* _DATA SECTION_
● ● ● ● ● ● ●

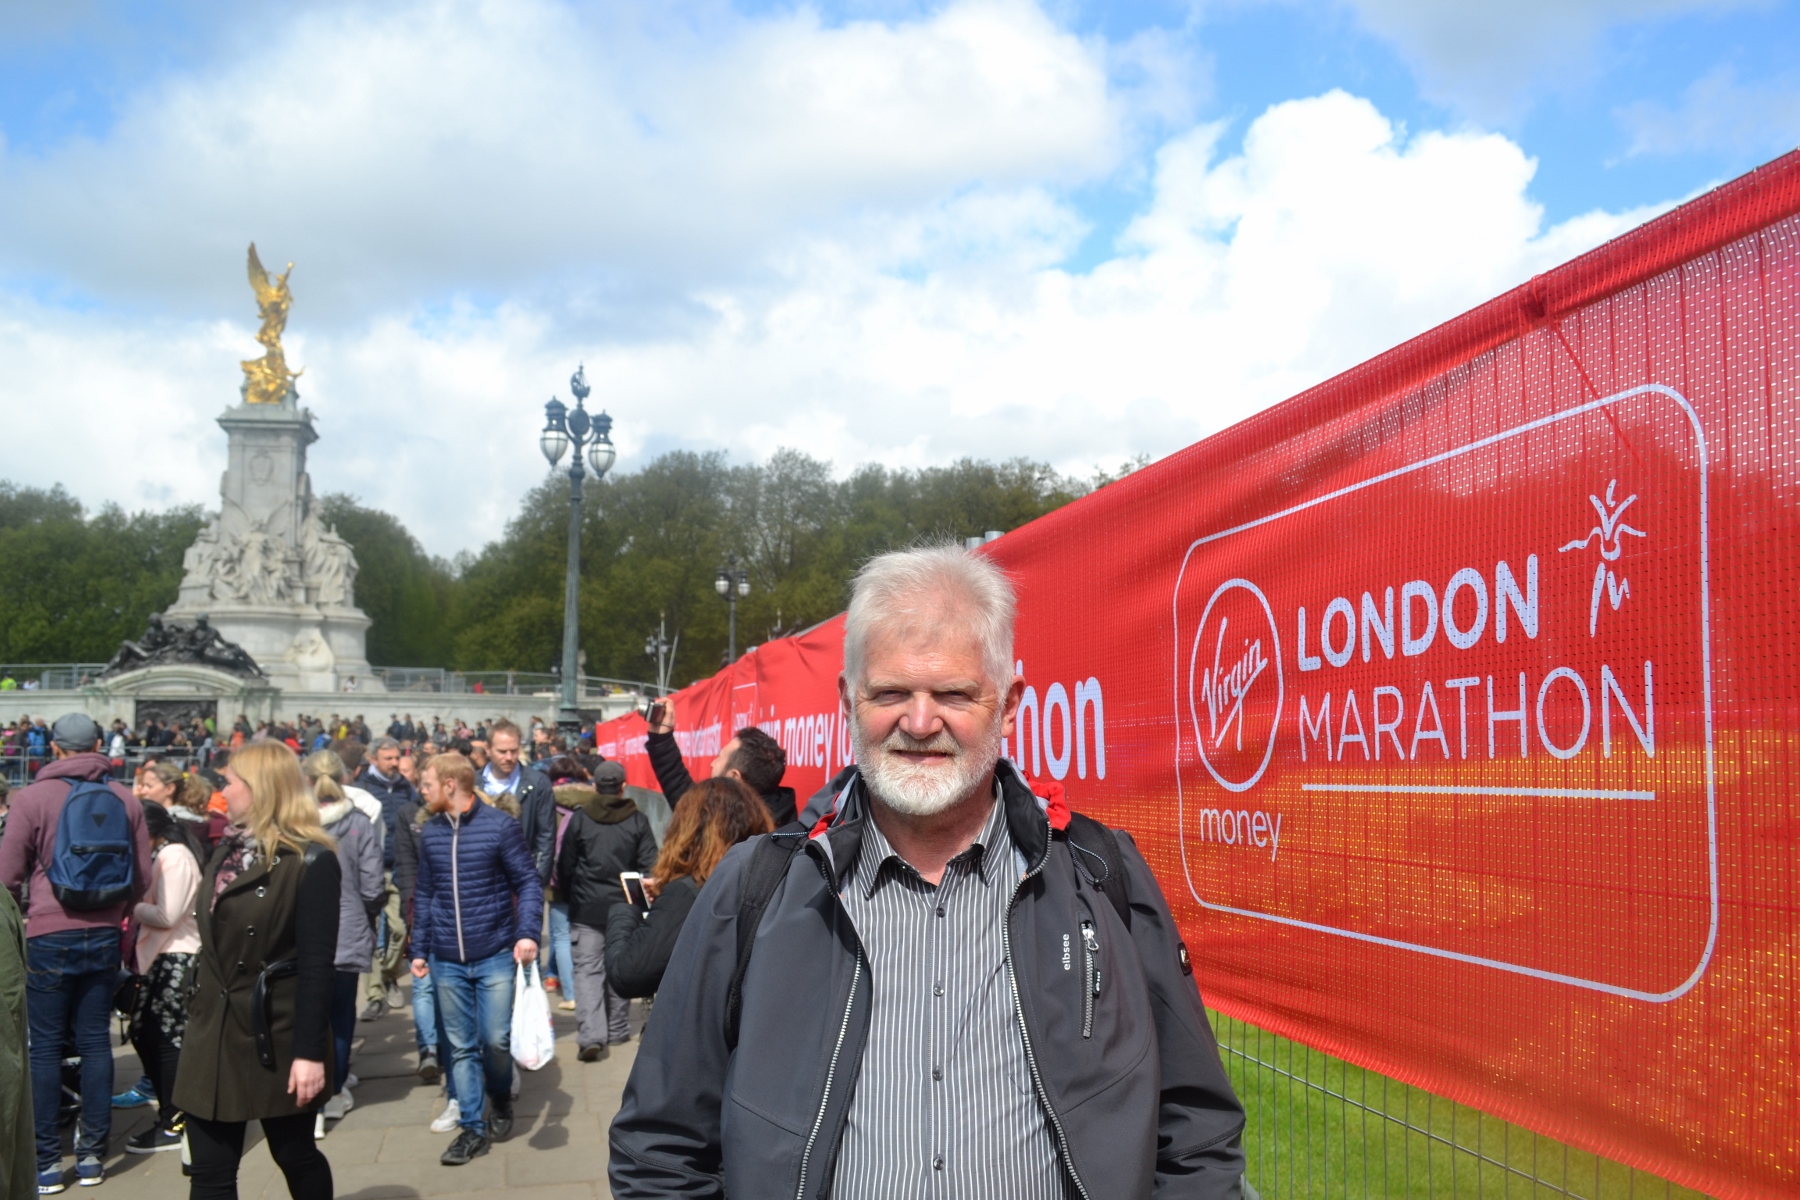 Greetings from the preparations for the London Marathon
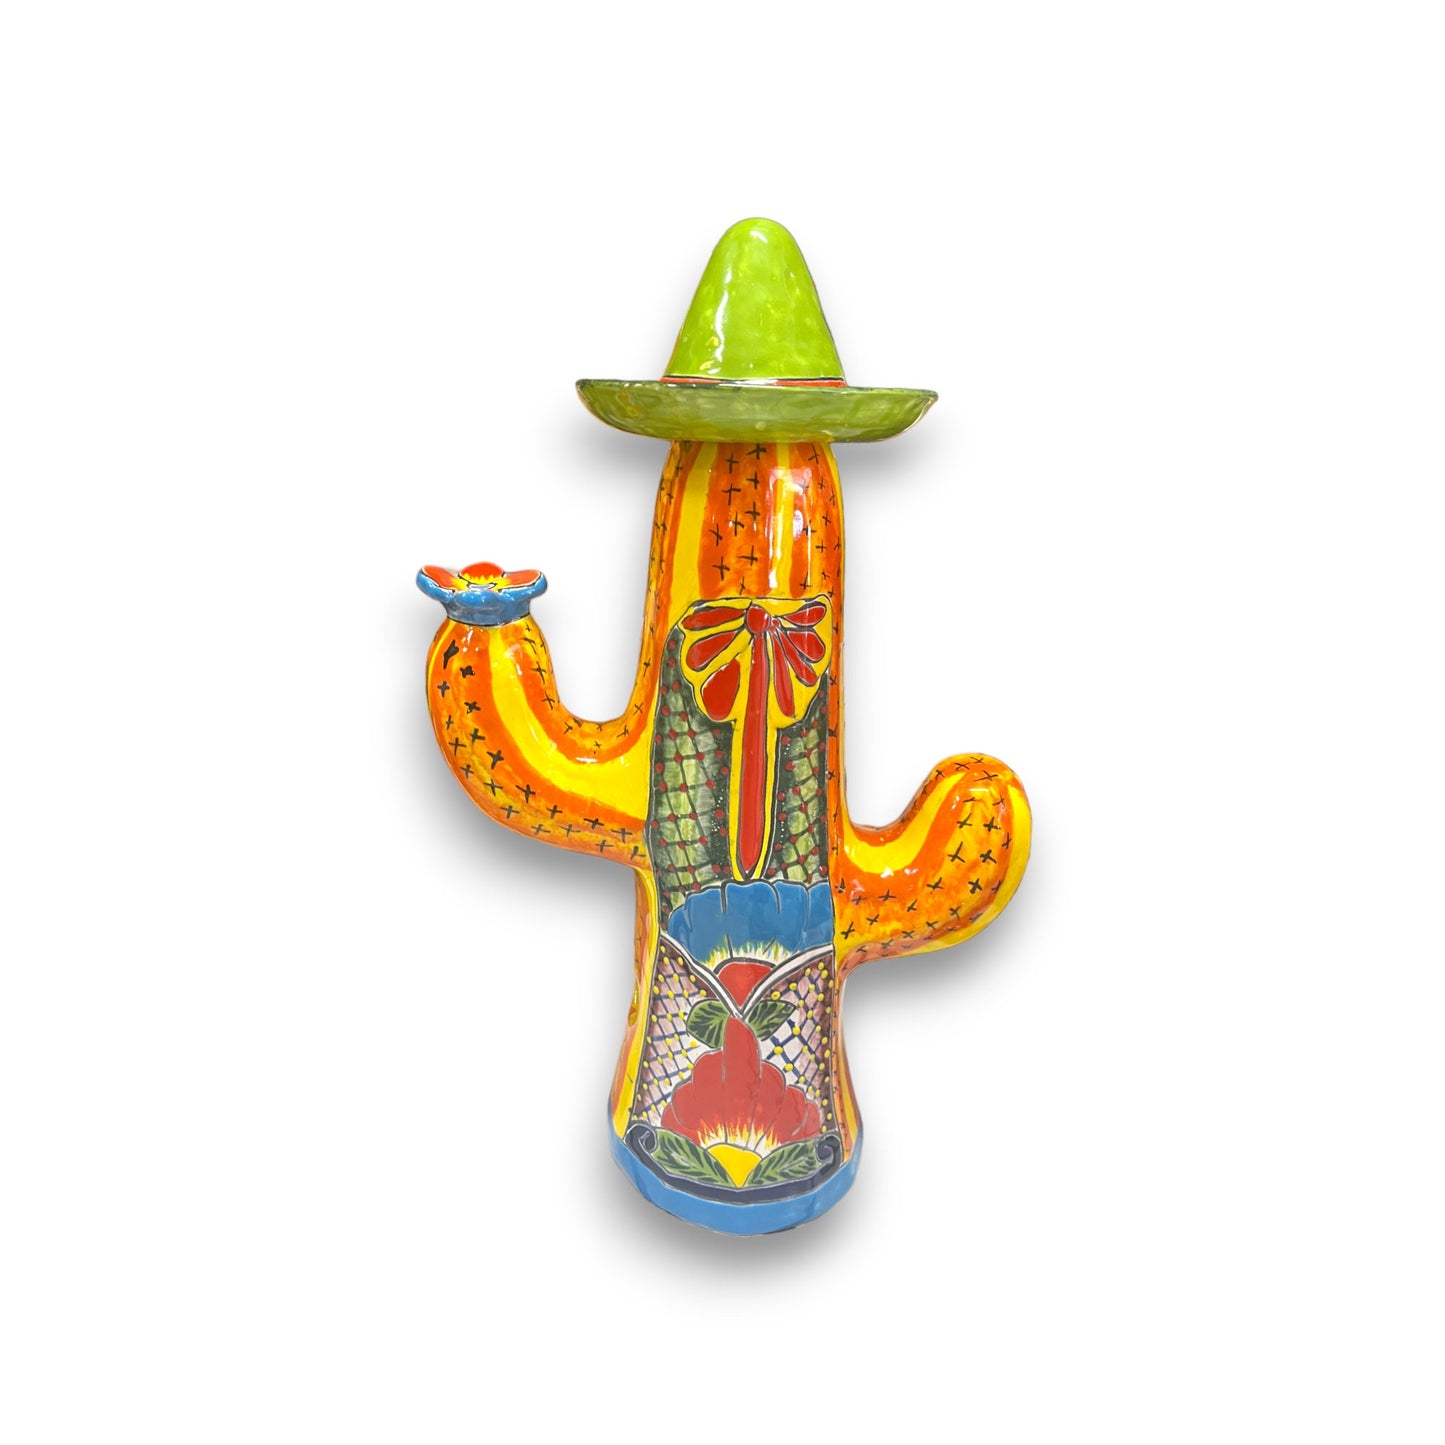 Handcrafted Talavera Cactus with Sombrero Statue | Medium-Sized Colorful Mexican Cultural Art
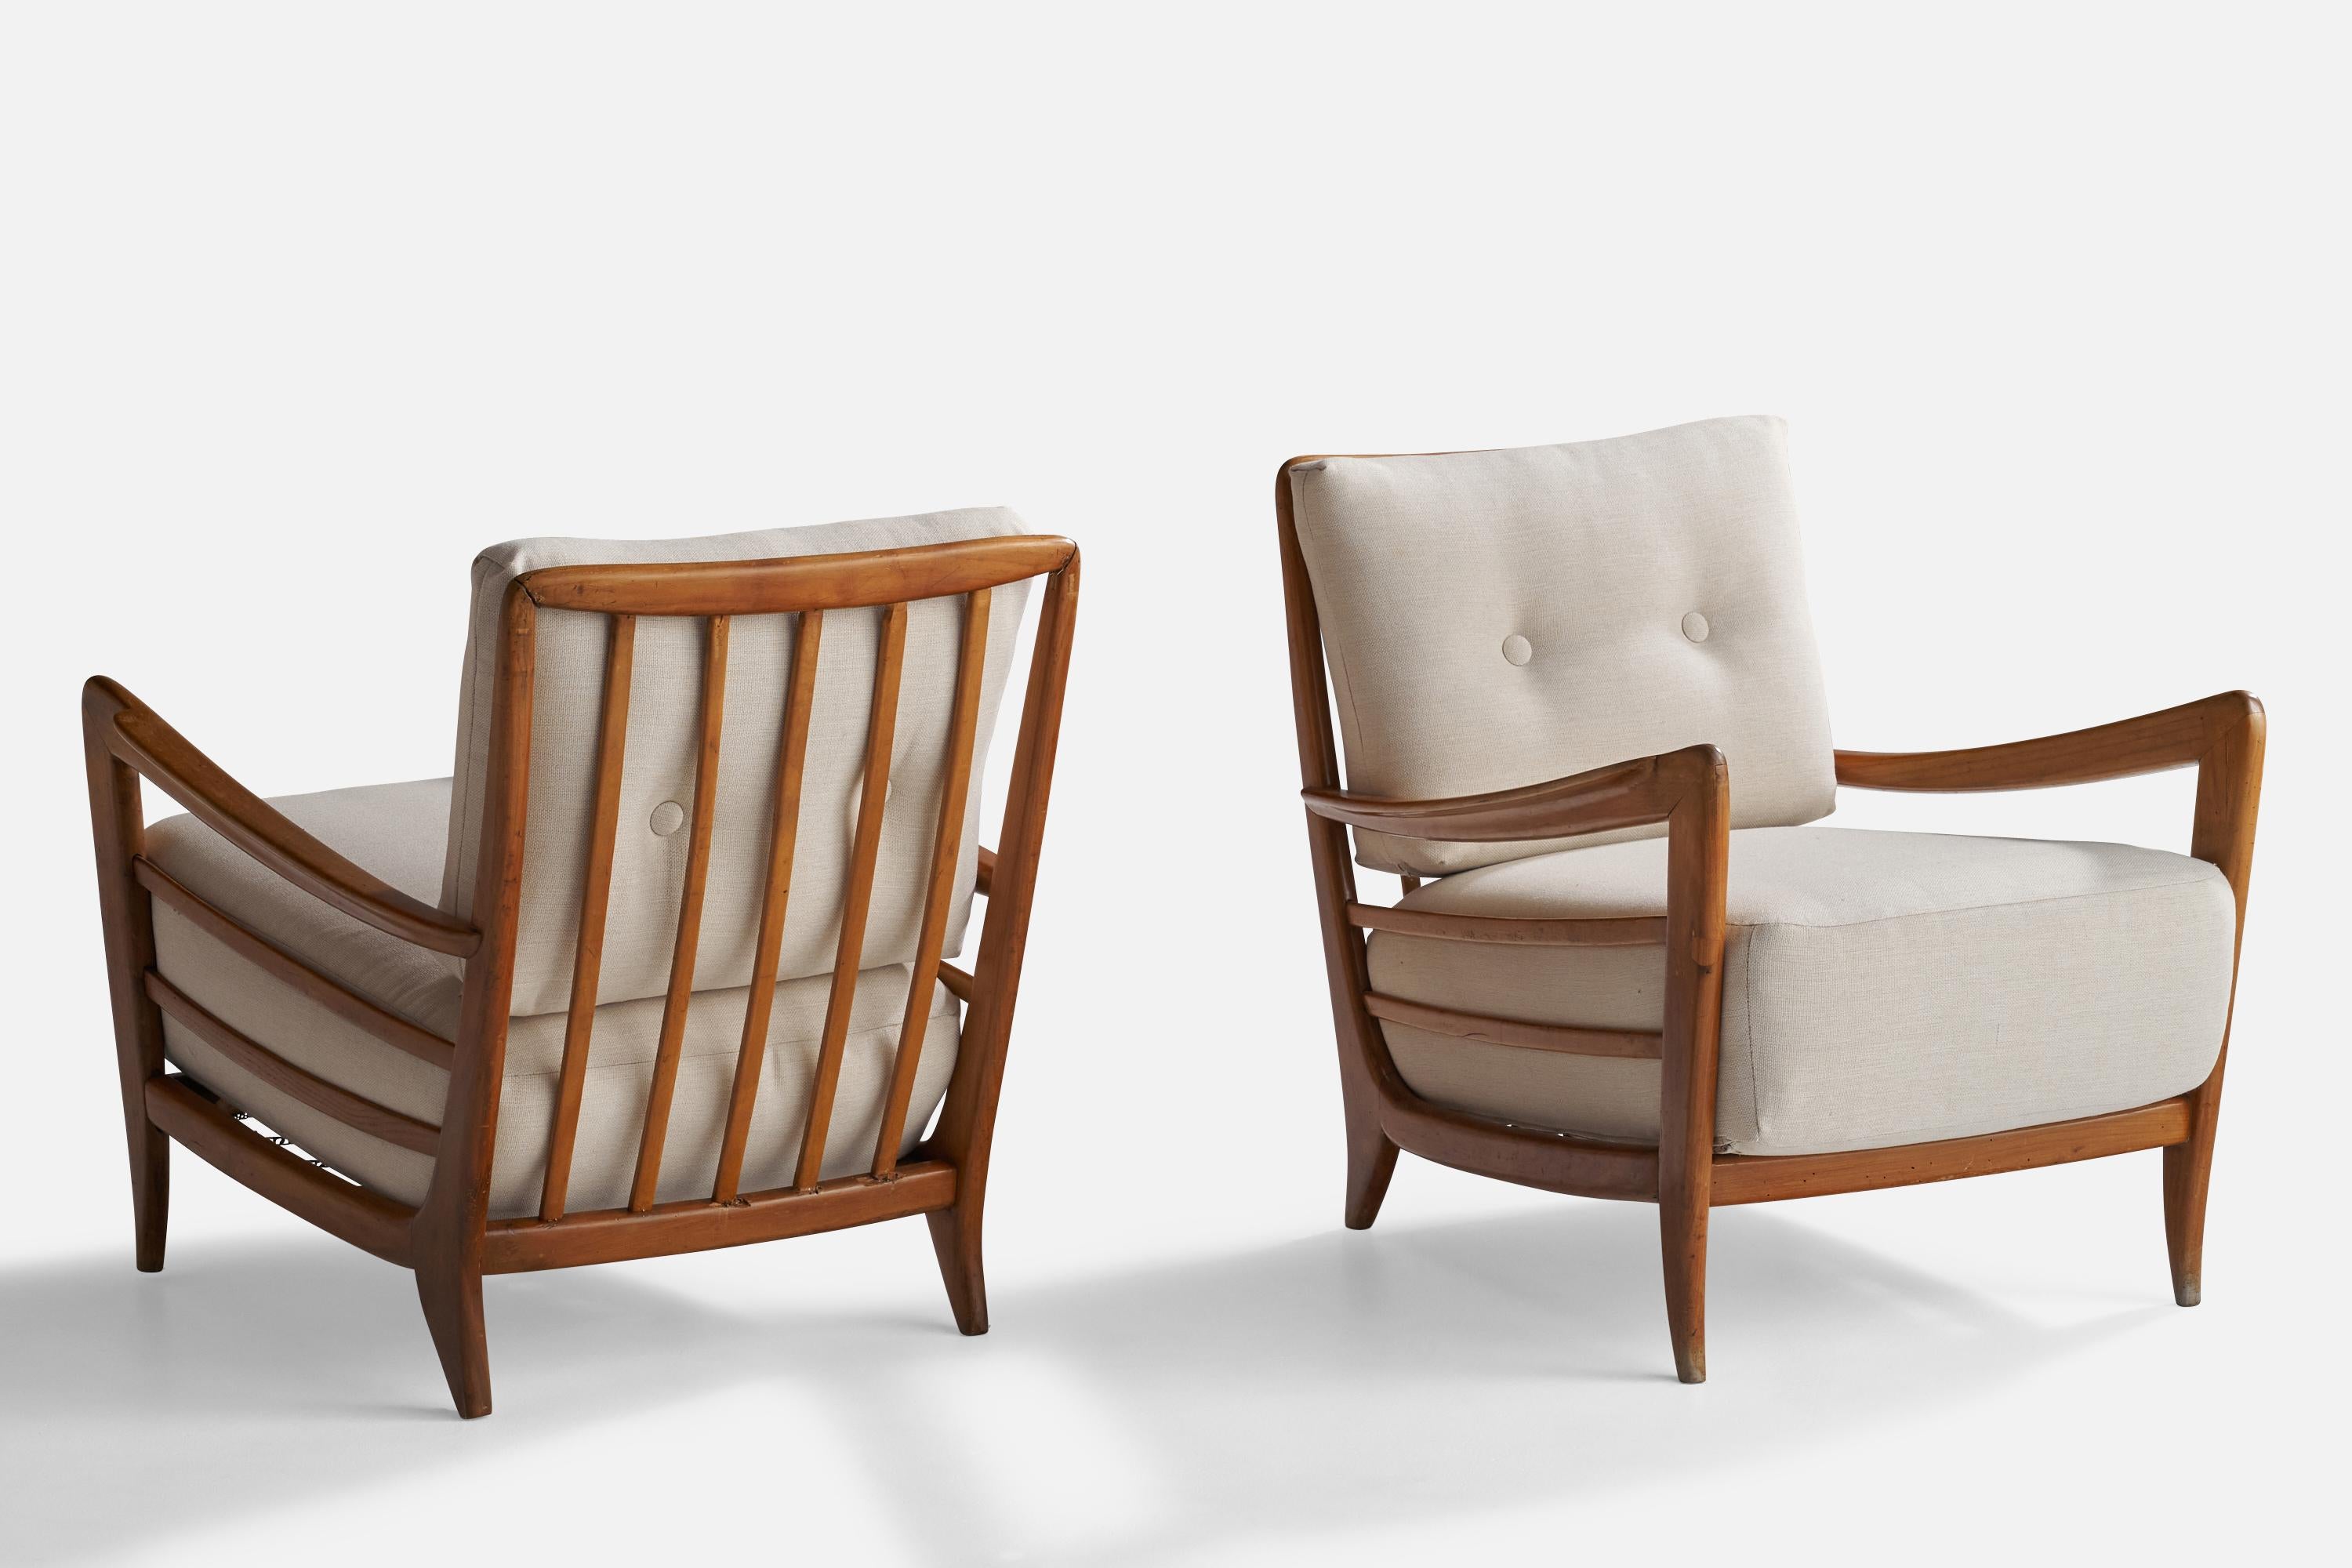 A pair of walnut and white fabric lounge chairs; design and production attributed to Paolo Buffa, Italy, 1940s.

Seat height 16.5

● ● ● ● ● ● ●

* _ASSIGNMENT_
Could you write out exactly the lines from the line containing "Handcrafted Talavera Cactus" to the end of the material, and nothing else? No pictures belong in the copy.

* _ANSWER AREA_
 Handcrafted Talavera Cactus with Sombrero Statue | Medium-Sized Colorful Mexican Cultural Art
 A pair of walnut and white fabric lounge chairs; design and production attributed to Paolo Buffa, Italy, 1940s.

Seat height 16.5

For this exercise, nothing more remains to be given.